A report released by the Tennessee Center for Policy Research on October 31 suggests the state’s three-year-old charter school law, which expressly prohibits the authorization of cyber charters, may be preventing thousands of rural students from improving their education.
“Cyber Charters in the Volunteer State: Education Options for Tennessee’s Forgotten,” by Shaka L.A. Mitchell, a scholar at the center, explains how utilizing technology to implement cyber charter schools could mean significant educational improvement opportunities for states with large rural populations.
“I was really hoping to show that school choice is not just for kids who live in urban areas,” Mitchell explained. “So often we get focused in on helping kids in the inner city, and we need to remember that school choice is an issue that impacts all children.”

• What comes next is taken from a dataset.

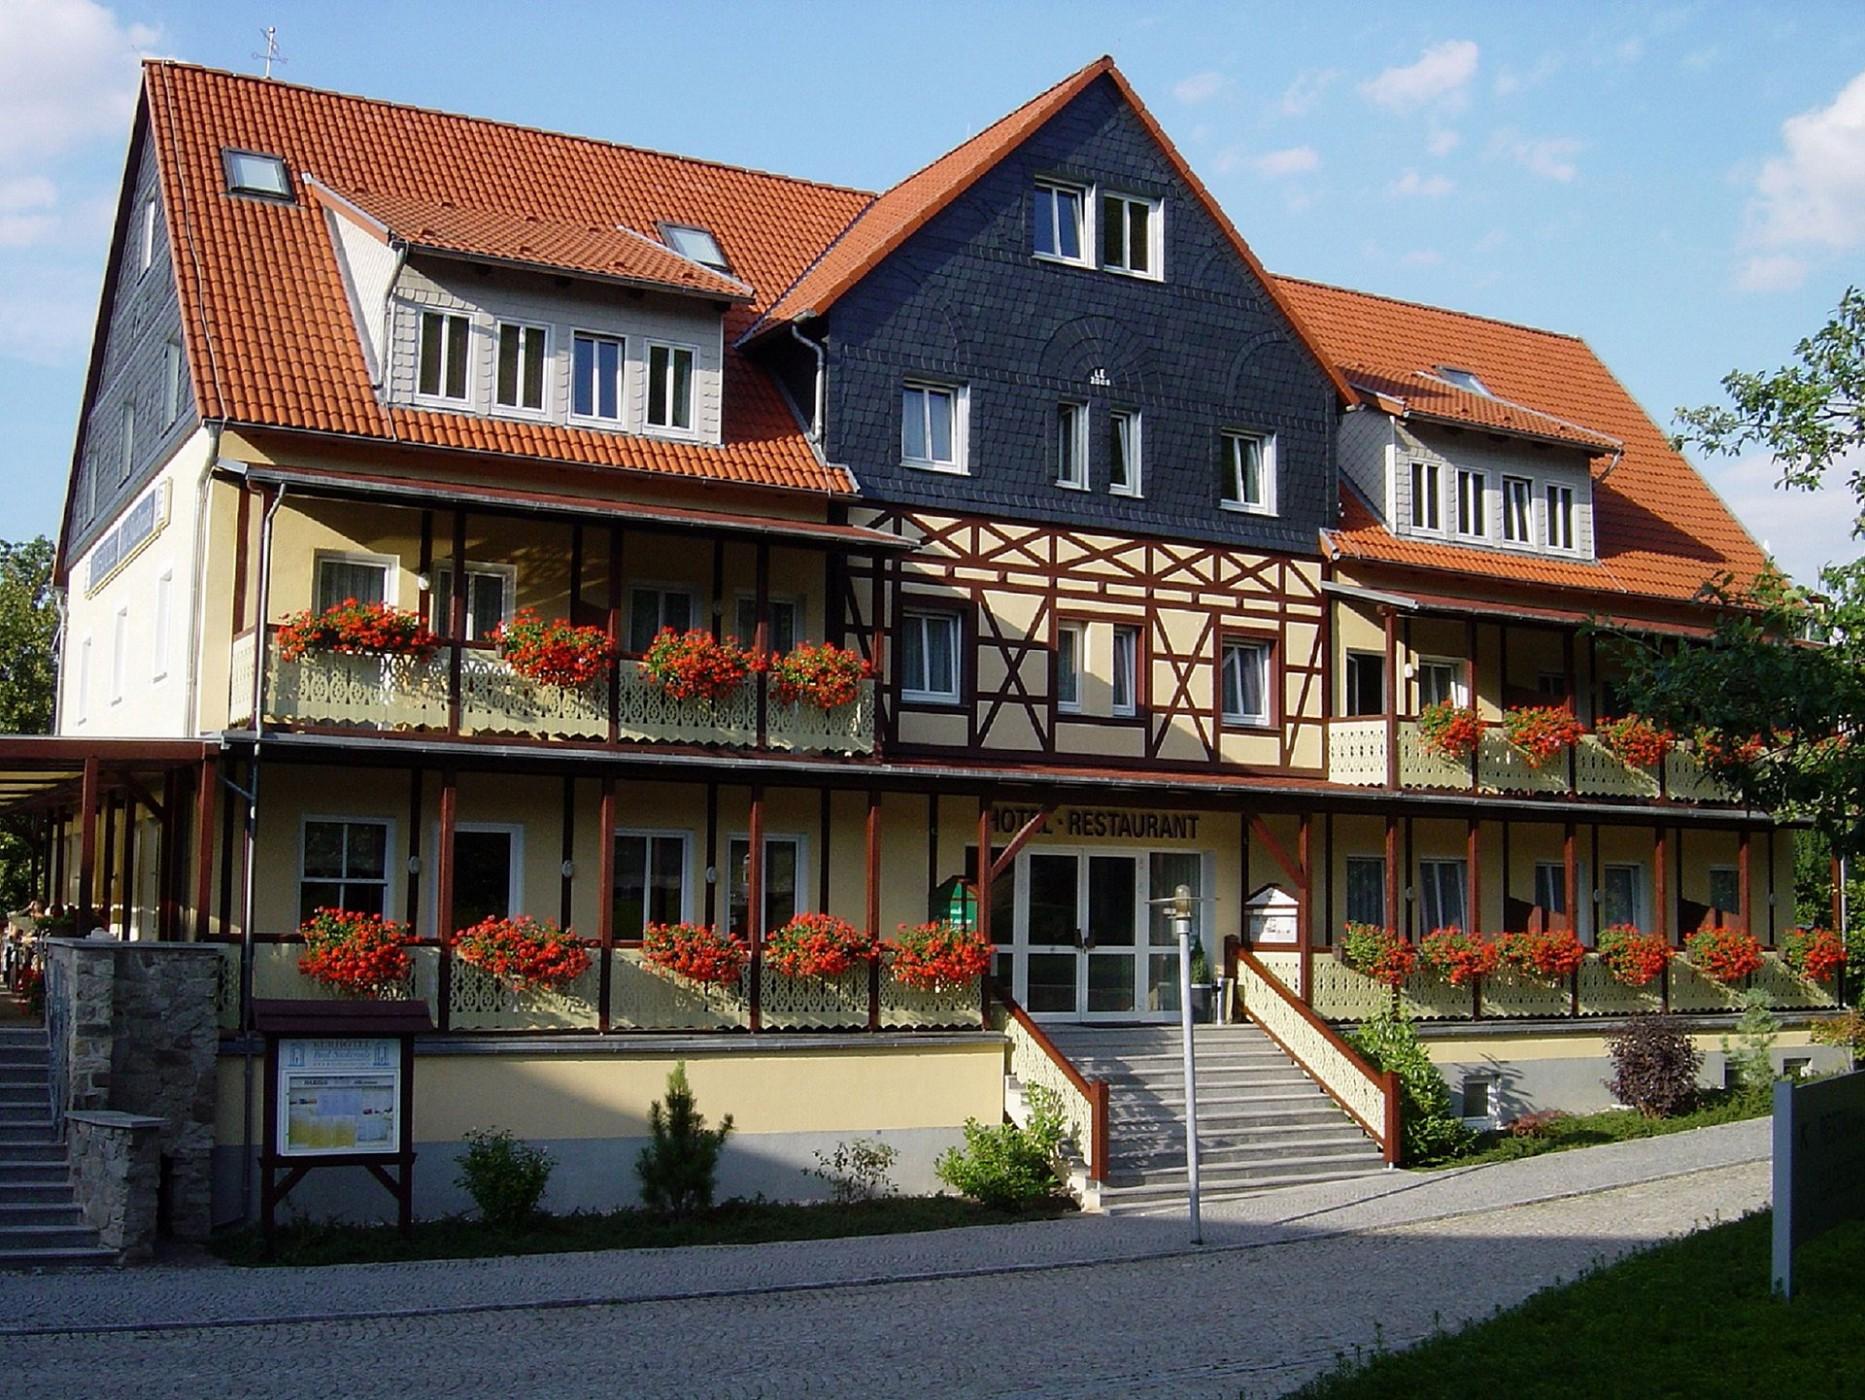 Kurhotel Bad Suderode Wellness Hotel Bei Quedlinburg

Rural Development Opportunities
According to the report, more than a quarter of Tennessee’s population is considered rural by the U.S. Census Bureau. Only 11 percent of the adults living in rural Tennessee areas have graduated from college, compared to 23 percent of those living in urban areas. Changing the Tennessee Public Charter Schools Act of 2002 to allow the creation of cyber charter schools is one way to help ensure children in rural areas of the state can receive the highest quality education possible, Mitchell writes.

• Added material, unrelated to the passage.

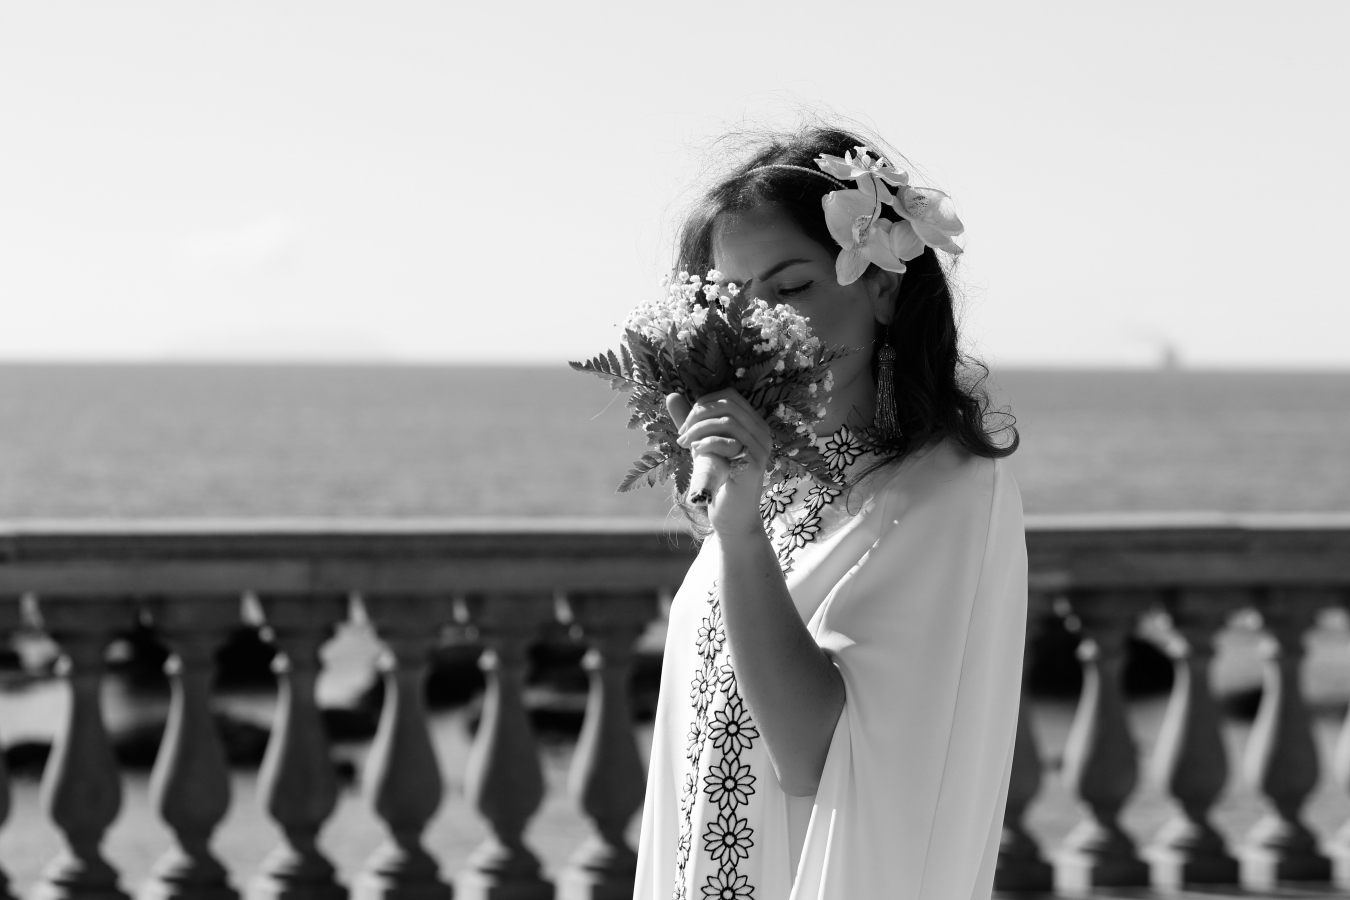 matrimonio all'italiana storie noir stellina abito bianco

“Tennessee’s state government spends hundreds of millions of dollars on economic development in rural communities–only to hear from companies that these areas have an underqualified workforce,” said Drew Johnson, president of the Tennessee Center for Policy Research. “Cyber charter schools allow rural students the opportunity to get an education on par with the best schools in the state, giving these rural counties a chance to attract business and compete for jobs.”

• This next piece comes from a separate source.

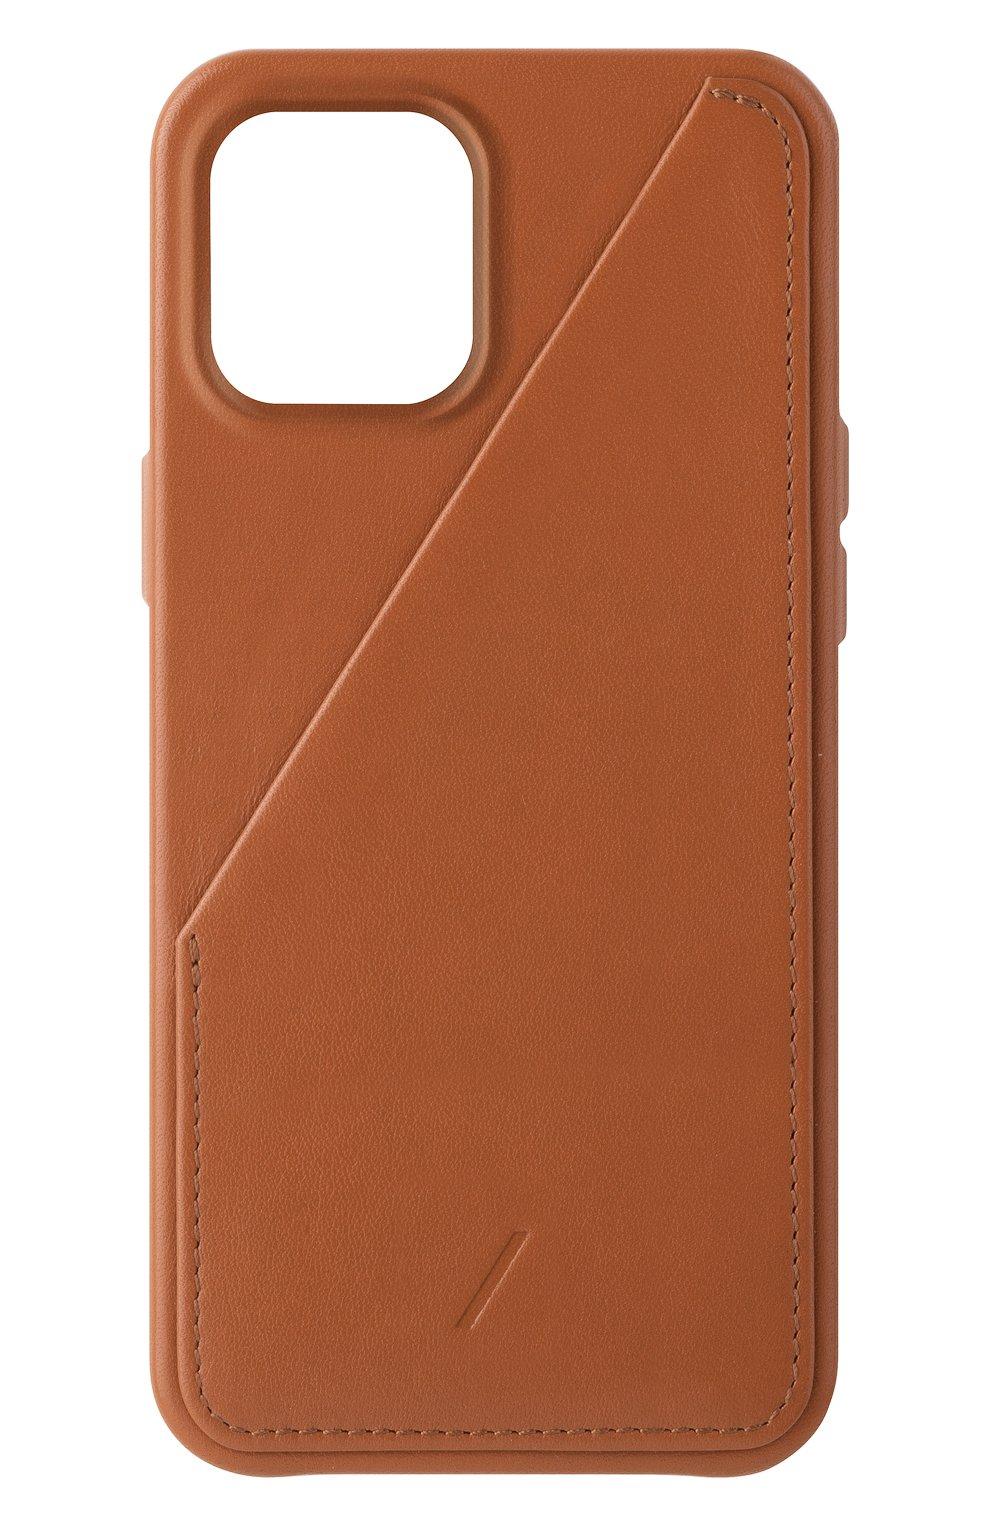 Чехол clic card для iphone 12 pro max  NATIVE UNION коричневого цвета, арт. CCARD-TAN-NP20L | Фото 1

When asked why Tennessee’s charter law prohibited cyber charters, state Sen. Jamie Woodson (R-Knoxville), who chairs the State Senate Education Committee, explained, “In 2002, when the charter law was first passed, the idea of cyber charters received a lot of opposition from some members of the legislature and could have led to the bill not passing.”
According to Mitchell’s report, cyber charter schools are publicly funded schools open to any student. The schools cannot discriminate with respect to whom they teach or hire, and teachers must follow the same certification standards as those in brick-and-mortar schools. Typically, cyber charter schools also provide each student with a computer and modem, greatly reducing potential costs to the families.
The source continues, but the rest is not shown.